Items listed in a dataset
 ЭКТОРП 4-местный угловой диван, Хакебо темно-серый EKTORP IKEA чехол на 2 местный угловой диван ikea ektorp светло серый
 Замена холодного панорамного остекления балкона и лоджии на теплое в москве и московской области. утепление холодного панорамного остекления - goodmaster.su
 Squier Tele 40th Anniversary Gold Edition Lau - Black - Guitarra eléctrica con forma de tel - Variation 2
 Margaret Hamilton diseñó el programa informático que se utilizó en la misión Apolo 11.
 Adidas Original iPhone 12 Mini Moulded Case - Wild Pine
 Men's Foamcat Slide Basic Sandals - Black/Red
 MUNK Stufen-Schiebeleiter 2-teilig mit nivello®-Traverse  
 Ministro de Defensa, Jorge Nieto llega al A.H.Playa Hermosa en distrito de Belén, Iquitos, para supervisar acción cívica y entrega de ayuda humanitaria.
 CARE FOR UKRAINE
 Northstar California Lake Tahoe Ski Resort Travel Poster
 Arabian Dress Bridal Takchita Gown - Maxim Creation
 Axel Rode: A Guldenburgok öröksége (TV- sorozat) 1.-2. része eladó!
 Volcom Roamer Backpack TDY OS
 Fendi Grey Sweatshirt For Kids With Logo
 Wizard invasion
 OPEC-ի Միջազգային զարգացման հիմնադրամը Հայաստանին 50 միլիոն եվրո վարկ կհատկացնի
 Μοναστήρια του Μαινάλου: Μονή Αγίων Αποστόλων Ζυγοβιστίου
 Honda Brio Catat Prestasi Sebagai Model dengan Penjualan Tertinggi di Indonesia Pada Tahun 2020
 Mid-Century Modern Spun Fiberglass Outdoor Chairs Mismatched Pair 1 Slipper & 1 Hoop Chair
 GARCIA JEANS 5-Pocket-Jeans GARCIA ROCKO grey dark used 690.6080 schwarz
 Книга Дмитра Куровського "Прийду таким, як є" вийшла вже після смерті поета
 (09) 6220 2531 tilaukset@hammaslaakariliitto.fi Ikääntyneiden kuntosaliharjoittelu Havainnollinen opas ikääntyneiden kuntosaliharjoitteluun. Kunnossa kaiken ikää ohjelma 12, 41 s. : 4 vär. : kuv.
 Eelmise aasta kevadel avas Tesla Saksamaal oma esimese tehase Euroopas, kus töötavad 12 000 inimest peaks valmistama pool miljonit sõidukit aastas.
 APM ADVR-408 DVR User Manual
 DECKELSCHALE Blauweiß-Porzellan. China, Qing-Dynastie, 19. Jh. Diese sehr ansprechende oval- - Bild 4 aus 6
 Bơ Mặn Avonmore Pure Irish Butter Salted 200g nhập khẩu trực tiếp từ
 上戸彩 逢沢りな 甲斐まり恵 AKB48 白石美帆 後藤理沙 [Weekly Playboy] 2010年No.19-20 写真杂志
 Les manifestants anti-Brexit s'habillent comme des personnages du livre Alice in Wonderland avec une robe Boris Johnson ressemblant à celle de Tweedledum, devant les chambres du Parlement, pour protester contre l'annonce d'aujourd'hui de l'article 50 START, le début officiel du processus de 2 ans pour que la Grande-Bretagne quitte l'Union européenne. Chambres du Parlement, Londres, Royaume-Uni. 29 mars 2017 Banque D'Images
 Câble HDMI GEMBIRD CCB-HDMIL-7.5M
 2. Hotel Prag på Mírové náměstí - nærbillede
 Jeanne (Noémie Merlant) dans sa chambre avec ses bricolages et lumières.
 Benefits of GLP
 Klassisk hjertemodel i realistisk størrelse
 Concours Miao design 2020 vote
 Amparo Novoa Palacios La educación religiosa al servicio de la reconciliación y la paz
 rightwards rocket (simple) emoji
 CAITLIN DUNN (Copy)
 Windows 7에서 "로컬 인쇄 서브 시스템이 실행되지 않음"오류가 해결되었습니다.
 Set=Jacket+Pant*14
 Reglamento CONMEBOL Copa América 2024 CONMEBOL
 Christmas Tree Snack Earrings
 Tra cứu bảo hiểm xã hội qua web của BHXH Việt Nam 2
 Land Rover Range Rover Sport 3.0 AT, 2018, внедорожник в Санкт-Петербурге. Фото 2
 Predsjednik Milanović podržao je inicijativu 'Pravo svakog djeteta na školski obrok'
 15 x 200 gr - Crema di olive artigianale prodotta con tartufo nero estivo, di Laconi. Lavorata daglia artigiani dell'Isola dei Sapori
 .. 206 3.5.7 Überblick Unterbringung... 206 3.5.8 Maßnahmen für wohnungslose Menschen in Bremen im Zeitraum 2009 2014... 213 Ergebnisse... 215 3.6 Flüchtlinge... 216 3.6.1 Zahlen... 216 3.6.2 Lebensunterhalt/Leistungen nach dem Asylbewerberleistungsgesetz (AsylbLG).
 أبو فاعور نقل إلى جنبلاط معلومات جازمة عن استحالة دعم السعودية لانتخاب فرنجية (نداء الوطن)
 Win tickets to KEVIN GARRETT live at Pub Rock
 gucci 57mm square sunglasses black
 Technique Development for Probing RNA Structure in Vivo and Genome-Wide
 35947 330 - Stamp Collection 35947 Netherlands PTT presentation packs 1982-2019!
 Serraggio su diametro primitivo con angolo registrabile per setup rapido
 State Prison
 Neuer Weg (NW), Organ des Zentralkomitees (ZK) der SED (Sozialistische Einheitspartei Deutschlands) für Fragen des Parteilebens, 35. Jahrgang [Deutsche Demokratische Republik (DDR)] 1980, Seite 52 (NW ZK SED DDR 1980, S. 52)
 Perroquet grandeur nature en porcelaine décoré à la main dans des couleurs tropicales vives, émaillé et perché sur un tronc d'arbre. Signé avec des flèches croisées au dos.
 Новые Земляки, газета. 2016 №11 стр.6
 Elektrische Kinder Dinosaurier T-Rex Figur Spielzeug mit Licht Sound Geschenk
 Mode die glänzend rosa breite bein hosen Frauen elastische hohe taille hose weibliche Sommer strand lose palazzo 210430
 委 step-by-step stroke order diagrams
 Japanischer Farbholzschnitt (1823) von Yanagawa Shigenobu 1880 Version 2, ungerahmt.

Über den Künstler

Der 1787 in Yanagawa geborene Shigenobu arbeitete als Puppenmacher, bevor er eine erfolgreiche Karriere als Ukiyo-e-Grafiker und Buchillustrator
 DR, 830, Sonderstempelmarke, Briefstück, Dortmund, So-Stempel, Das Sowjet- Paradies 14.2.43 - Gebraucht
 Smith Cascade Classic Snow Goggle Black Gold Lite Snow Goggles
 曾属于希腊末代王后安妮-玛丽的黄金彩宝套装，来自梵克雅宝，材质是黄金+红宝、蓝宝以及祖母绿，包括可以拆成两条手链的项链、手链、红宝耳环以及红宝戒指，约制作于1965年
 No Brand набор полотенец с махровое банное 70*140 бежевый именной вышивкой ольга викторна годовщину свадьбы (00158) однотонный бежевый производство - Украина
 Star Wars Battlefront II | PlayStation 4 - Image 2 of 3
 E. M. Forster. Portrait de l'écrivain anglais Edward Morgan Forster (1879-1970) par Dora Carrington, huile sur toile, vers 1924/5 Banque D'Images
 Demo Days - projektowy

→ **Your task**:
Copy, exactly and only, the lines above that begin with the one containing "2. Hotel Prag på Mírové náměstí - nærbillede" and finish with the one containing "Neuer Weg (NW), Organ".

→ **Result of the task**:
 2. Hotel Prag på Mírové náměstí - nærbillede
 Jeanne (Noémie Merlant) dans sa chambre avec ses bricolages et lumières.
 Benefits of GLP
 Klassisk hjertemodel i realistisk størrelse
 Concours Miao design 2020 vote
 Amparo Novoa Palacios La educación religiosa al servicio de la reconciliación y la paz
 rightwards rocket (simple) emoji
 CAITLIN DUNN (Copy)
 Windows 7에서 "로컬 인쇄 서브 시스템이 실행되지 않음"오류가 해결되었습니다.
 Set=Jacket+Pant*14
 Reglamento CONMEBOL Copa América 2024 CONMEBOL
 Christmas Tree Snack Earrings
 Tra cứu bảo hiểm xã hội qua web của BHXH Việt Nam 2
 Land Rover Range Rover Sport 3.0 AT, 2018, внедорожник в Санкт-Петербурге. Фото 2
 Predsjednik Milanović podržao je inicijativu 'Pravo svakog djeteta na školski obrok'
 15 x 200 gr - Crema di olive artigianale prodotta con tartufo nero estivo, di Laconi. Lavorata daglia artigiani dell'Isola dei Sapori
 .. 206 3.5.7 Überblick Unterbringung... 206 3.5.8 Maßnahmen für wohnungslose Menschen in Bremen im Zeitraum 2009 2014... 213 Ergebnisse... 215 3.6 Flüchtlinge... 216 3.6.1 Zahlen... 216 3.6.2 Lebensunterhalt/Leistungen nach dem Asylbewerberleistungsgesetz (AsylbLG).
 أبو فاعور نقل إلى جنبلاط معلومات جازمة عن استحالة دعم السعودية لانتخاب فرنجية (نداء الوطن)
 Win tickets to KEVIN GARRETT live at Pub Rock
 gucci 57mm square sunglasses black
 Technique Development for Probing RNA Structure in Vivo and Genome-Wide
 35947 330 - Stamp Collection 35947 Netherlands PTT presentation packs 1982-2019!
 Serraggio su diametro primitivo con angolo registrabile per setup rapido
 State Prison
 Neuer Weg (NW), Organ des Zentralkomitees (ZK) der SED (Sozialistische Einheitspartei Deutschlands) für Fragen des Parteilebens, 35. Jahrgang [Deutsche Demokratische Republik (DDR)] 1980, Seite 52 (NW ZK SED DDR 1980, S. 52)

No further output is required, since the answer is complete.